GEAPRESS – Venerdì prossimo il bastone dei cacciatori di tradizione canadesi inizierà ad uccidere i cuccioli di foca. La mattanza si chiuderà solo a fine aprile. Questo nonostante nel 2011 sia stata registrata la moria dell’80% dei cuccioli a seguito dello scioglimento anticipato dei ghiacci.

Russia, paesi dell’Unione Europea, Stati Uniti e Messico, già non importano più i prodotti derivati dai cuccioli di foca, ma le autorità canadesi continuano a sovvenzionare una caccia praticata ormai da soli 200 cacciatori locali (pochi anni addietro erano alcune migliaia). Le motivazioni addotte riguardano la presunta riduzione del pescato ed i possibili danni ai pescatori canadesi.
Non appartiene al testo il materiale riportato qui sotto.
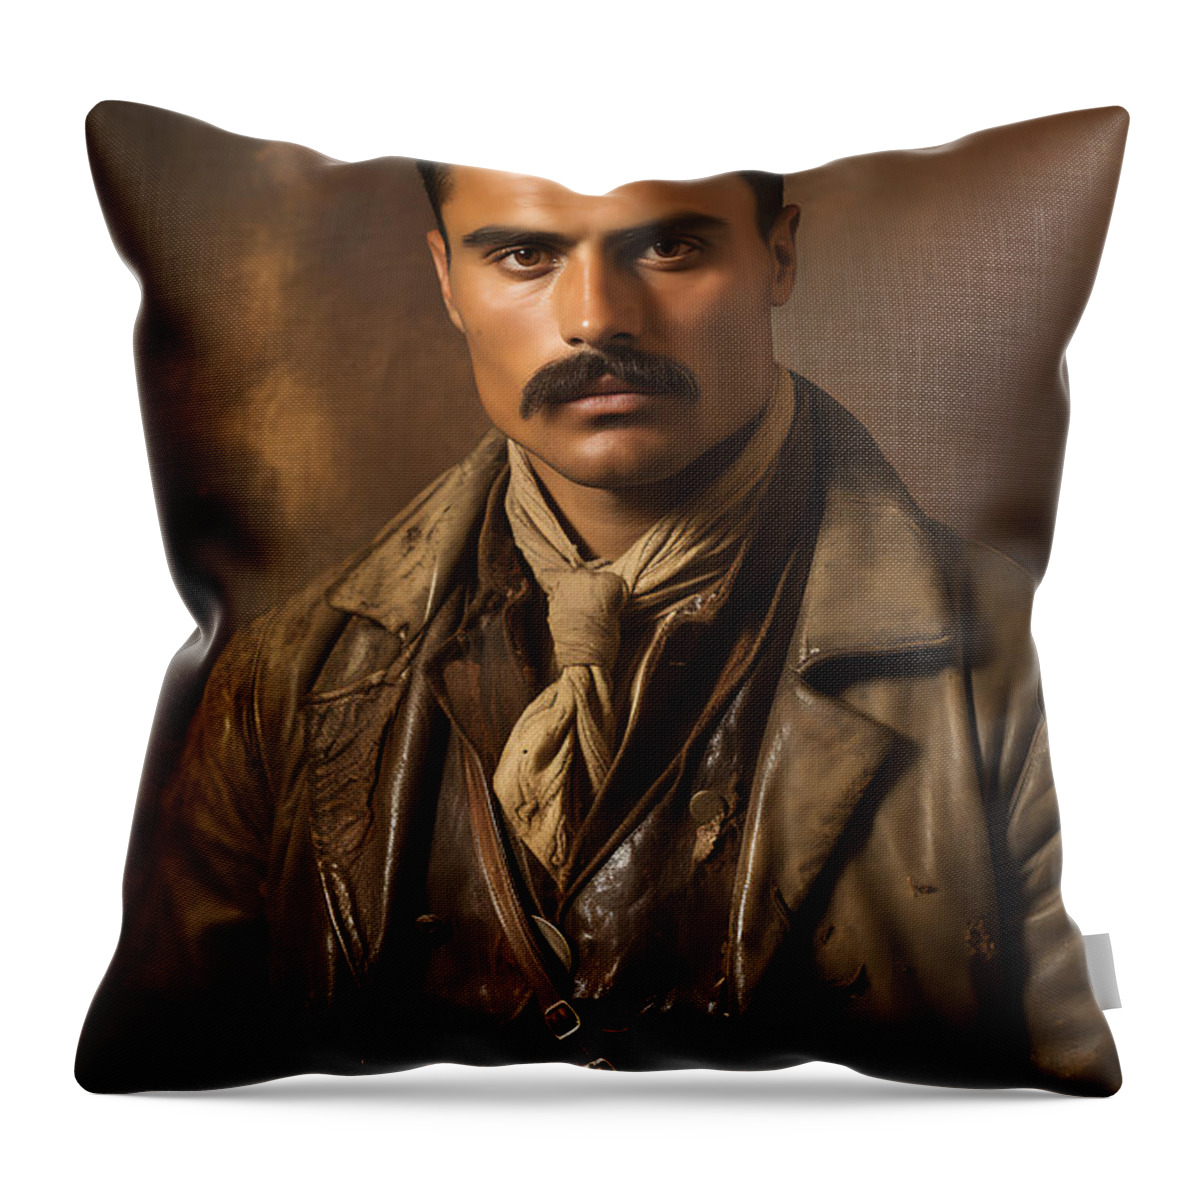 Vintage Retro Photo Portrait Of Emiliano Zapata Art Throw Pillow featuring the painting VINTAGE RETRO PHOTO PORTRAIT OF EMILIANO ZAPATA by Asar Studios by Asar Studios

Questo, però, senza tener conto non solo dell’ecatombe dei cuccioli conseguente allo scioglimento dei ghiacci, ma anche del fatto che le stesse autorità della pesca canadesi hanno dichiarato che non esistono studi sufficienti ad avvalorare tale tesi. Anzi, il fenomeno non è mai stato monitorato. Sul Canada, però, si apre la possibilità degli investimenti cinesi. Alla drastica riduzione del mercato conseguente all’abbandono degli importatori russi, potrebbe infatti sostituirsi la sconfinata possibilità dei nuovi acquisti cinesi, ovvero l’intero sud est asiatico.
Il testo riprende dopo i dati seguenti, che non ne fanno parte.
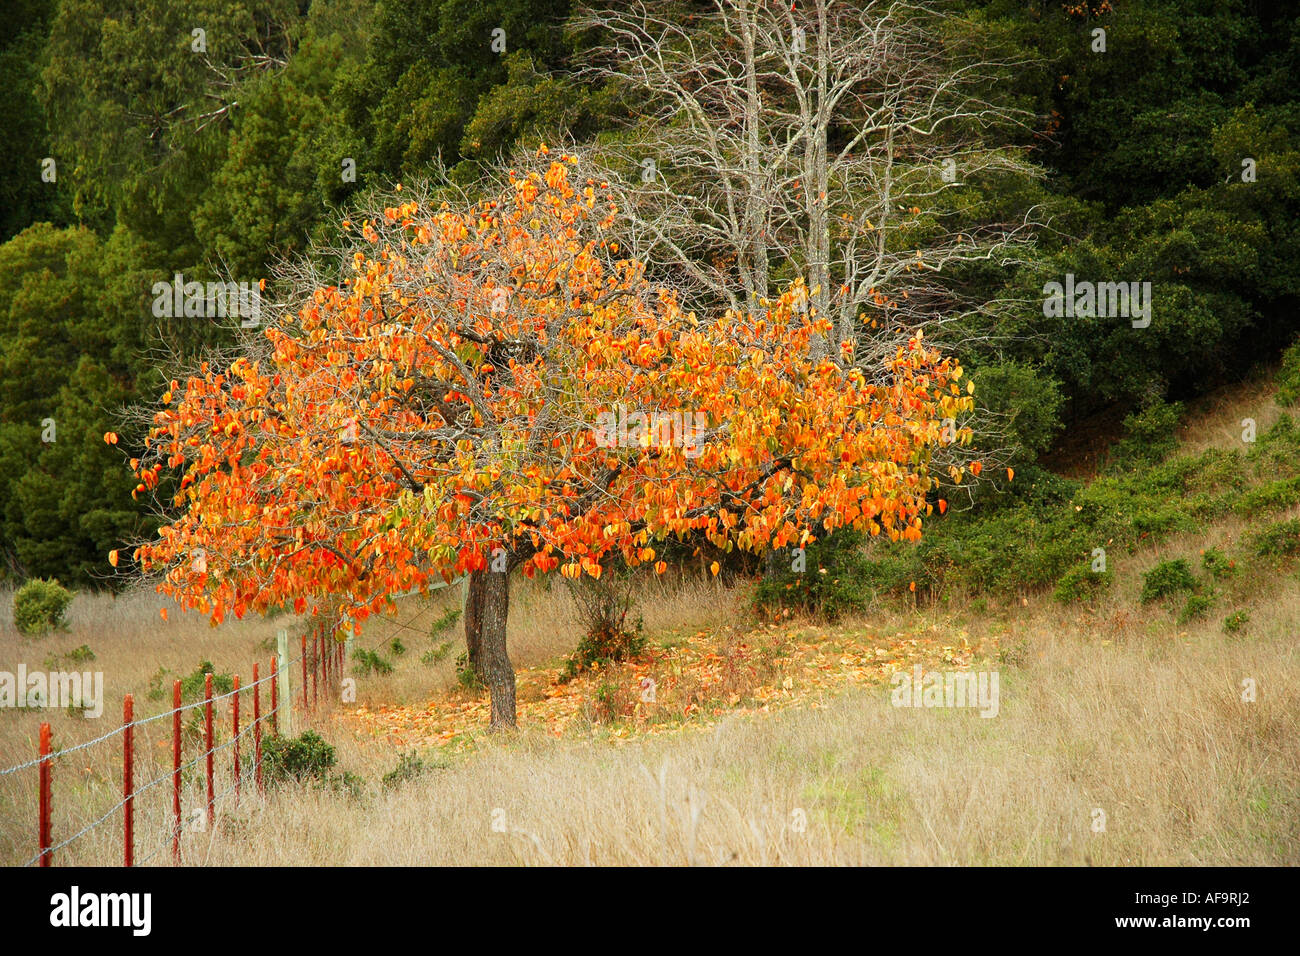 Small tree bearing brilliantly colored leaves in the autumn, in a meadow before a green hill Stock Photo

Intanto, dal prossimo venerdì è caccia. I banchi di ghiaccio canadesi cominceranno a macchiarsi di rosso mentre sul rispetto delle norme previste per le macellazioni, seri dubbi sono avanzati dalle Associazioni protezioniste. Già l’anno scorso (i cacciatori non possono opporsi alla presenza di osservatori internazionali) furono documentate macellazioni a vivo degli animali.